Learn how to evaluate and treat this subtype of cyclical vomiting syndrome.
Cannabis bud pouring out of a glass jar on wood background
Cannabis bud pouring out of a glass jar on wood background

AGA’s latest clinical practice update reviews the available evidence and provides expert advice regarding the diagnosis and management of cannabinoid hyperemesis syndrome. 

Cannabis is the most widely used psychoactive substance. While many patients report that the use of cannabis helps relieve symptoms of nausea and vomiting, chronic and heavy cannabis use has been associated with adverse nausea, vomiting and abdominal pain. 

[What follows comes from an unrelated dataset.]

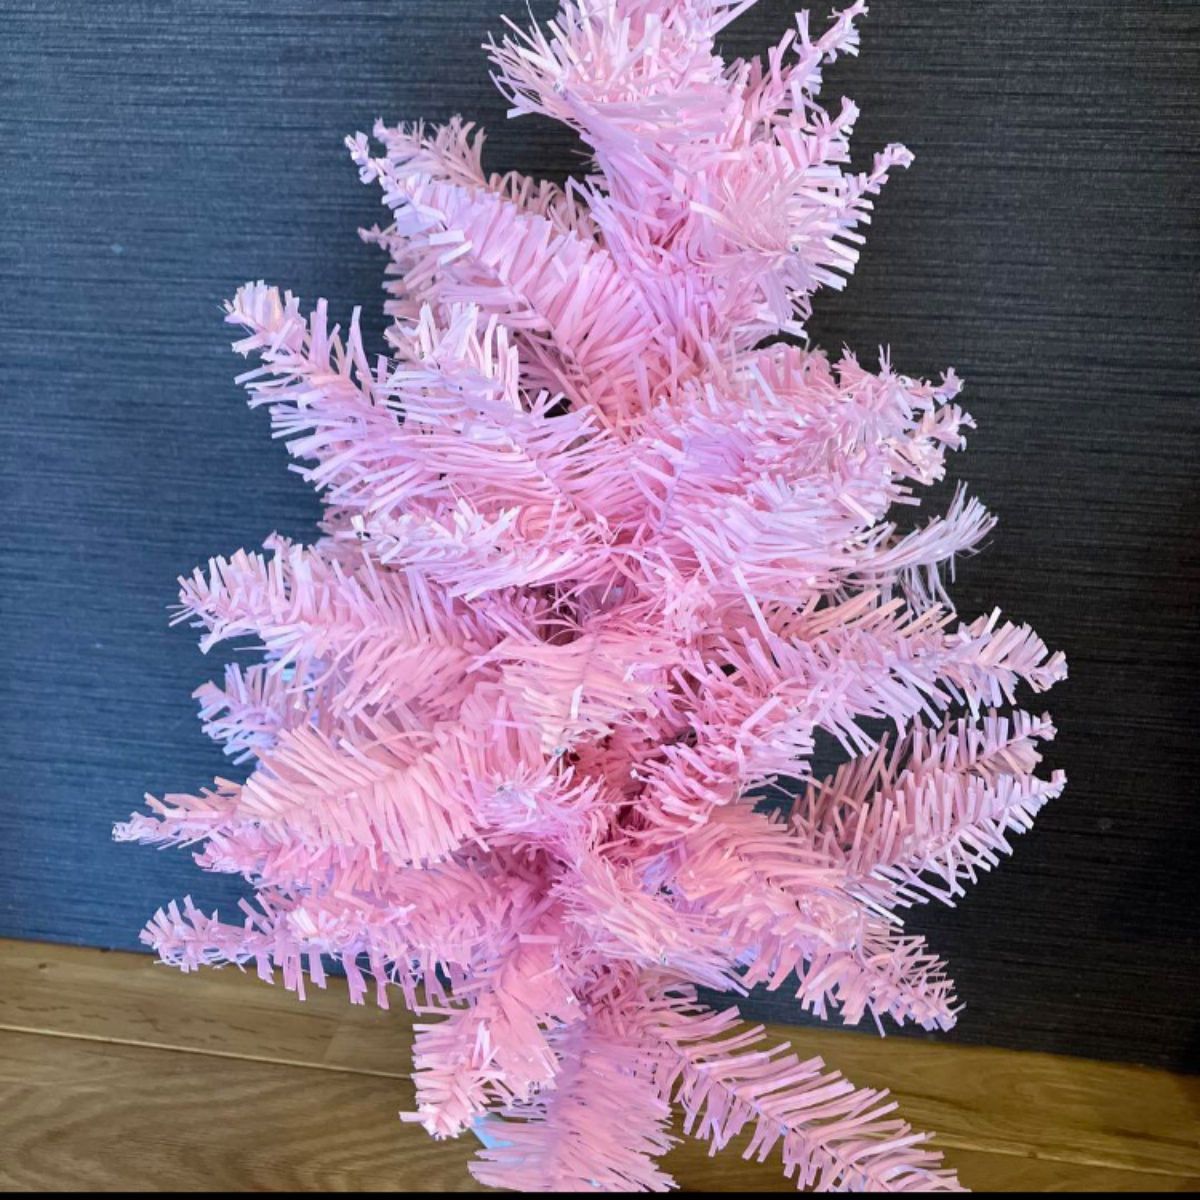 クリスマスツリー ピンク ライト付き オーナメント付き 卓上クリスマスツリー

Cannabinoid hyperemesis syndrome is a subtype of cyclical vomiting syndrome (CVS) and is observed predominantly in males who have engaged in daily or near-daily cannabis use for years. 

Hear from author Dr. Michael Camilleri as he shares what clinicians should know about the phases of cyclical vomiting syndrome that are also present in cannabinoid hyperemesis syndrome and how best to provide care and treatment. 

Clinical diagnostic criteria for cannabinoid hyperemesis syndrome

  1. Stereotypical episodic vomiting resembling CVS in terms of onset, with frequency 3 or more times annually.
  2. Duration of cannabis use more than 1 year before symptom onset; frequency more than 4 times per week, on average.
  3. Resolution of symptoms after a period of abstinence from cannabis use for at least 6 months, or at least equal to the total duration of 3 typical vomiting cycles in that patient.